Required action
For this exercise, transcribe all of the records exactly as given.

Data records
+--
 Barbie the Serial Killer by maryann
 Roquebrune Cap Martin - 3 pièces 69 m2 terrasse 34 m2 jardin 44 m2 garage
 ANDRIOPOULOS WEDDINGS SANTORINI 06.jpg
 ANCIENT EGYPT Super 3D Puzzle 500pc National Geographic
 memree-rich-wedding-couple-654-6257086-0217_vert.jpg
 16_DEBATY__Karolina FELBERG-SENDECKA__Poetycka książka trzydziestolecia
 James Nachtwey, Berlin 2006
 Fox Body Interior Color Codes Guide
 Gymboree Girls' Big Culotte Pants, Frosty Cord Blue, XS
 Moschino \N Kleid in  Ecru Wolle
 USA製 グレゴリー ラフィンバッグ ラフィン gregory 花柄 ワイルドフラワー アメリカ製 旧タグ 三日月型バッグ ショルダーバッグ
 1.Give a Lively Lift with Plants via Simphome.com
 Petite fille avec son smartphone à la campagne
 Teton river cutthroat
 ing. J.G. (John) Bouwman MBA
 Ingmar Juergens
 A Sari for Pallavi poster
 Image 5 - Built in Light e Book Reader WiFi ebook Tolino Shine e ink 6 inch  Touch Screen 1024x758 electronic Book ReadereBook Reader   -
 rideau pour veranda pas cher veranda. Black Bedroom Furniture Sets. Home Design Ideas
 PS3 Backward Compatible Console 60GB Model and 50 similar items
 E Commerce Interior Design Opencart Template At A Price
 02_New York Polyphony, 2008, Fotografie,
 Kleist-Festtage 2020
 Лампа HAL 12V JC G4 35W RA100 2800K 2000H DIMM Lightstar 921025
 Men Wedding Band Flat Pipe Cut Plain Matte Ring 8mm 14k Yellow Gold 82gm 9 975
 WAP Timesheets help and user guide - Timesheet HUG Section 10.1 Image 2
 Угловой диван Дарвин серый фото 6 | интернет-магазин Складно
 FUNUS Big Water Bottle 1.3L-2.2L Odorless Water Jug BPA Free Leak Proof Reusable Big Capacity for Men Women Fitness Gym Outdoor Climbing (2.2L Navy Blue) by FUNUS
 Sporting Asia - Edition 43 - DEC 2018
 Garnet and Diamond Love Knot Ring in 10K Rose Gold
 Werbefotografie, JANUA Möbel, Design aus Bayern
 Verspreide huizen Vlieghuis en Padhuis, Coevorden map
+--
Task response
 Barbie the Serial Killer by maryann
 Roquebrune Cap Martin - 3 pièces 69 m2 terrasse 34 m2 jardin 44 m2 garage
 ANDRIOPOULOS WEDDINGS SANTORINI 06.jpg
 ANCIENT EGYPT Super 3D Puzzle 500pc National Geographic
 memree-rich-wedding-couple-654-6257086-0217_vert.jpg
 16_DEBATY__Karolina FELBERG-SENDECKA__Poetycka książka trzydziestolecia
 James Nachtwey, Berlin 2006
 Fox Body Interior Color Codes Guide
 Gymboree Girls' Big Culotte Pants, Frosty Cord Blue, XS
 Moschino \N Kleid in  Ecru Wolle
 USA製 グレゴリー ラフィンバッグ ラフィン gregory 花柄 ワイルドフラワー アメリカ製 旧タグ 三日月型バッグ ショルダーバッグ
 1.Give a Lively Lift with Plants via Simphome.com
 Petite fille avec son smartphone à la campagne
 Teton river cutthroat
 ing. J.G. (John) Bouwman MBA
 Ingmar Juergens
 A Sari for Pallavi poster
 Image 5 - Built in Light e Book Reader WiFi ebook Tolino Shine e ink 6 inch  Touch Screen 1024x758 electronic Book ReadereBook Reader   -
 rideau pour veranda pas cher veranda. Black Bedroom Furniture Sets. Home Design Ideas
 PS3 Backward Compatible Console 60GB Model and 50 similar items
 E Commerce Interior Design Opencart Template At A Price
 02_New York Polyphony, 2008, Fotografie,
 Kleist-Festtage 2020
 Лампа HAL 12V JC G4 35W RA100 2800K 2000H DIMM Lightstar 921025
 Men Wedding Band Flat Pipe Cut Plain Matte Ring 8mm 14k Yellow Gold 82gm 9 975
 WAP Timesheets help and user guide - Timesheet HUG Section 10.1 Image 2
 Угловой диван Дарвин серый фото 6 | интернет-магазин Складно
 FUNUS Big Water Bottle 1.3L-2.2L Odorless Water Jug BPA Free Leak Proof Reusable Big Capacity for Men Women Fitness Gym Outdoor Climbing (2.2L Navy Blue) by FUNUS
 Sporting Asia - Edition 43 - DEC 2018
 Garnet and Diamond Love Knot Ring in 10K Rose Gold
 Werbefotografie, JANUA Möbel, Design aus Bayern
 Verspreide huizen Vlieghuis en Padhuis, Coevorden map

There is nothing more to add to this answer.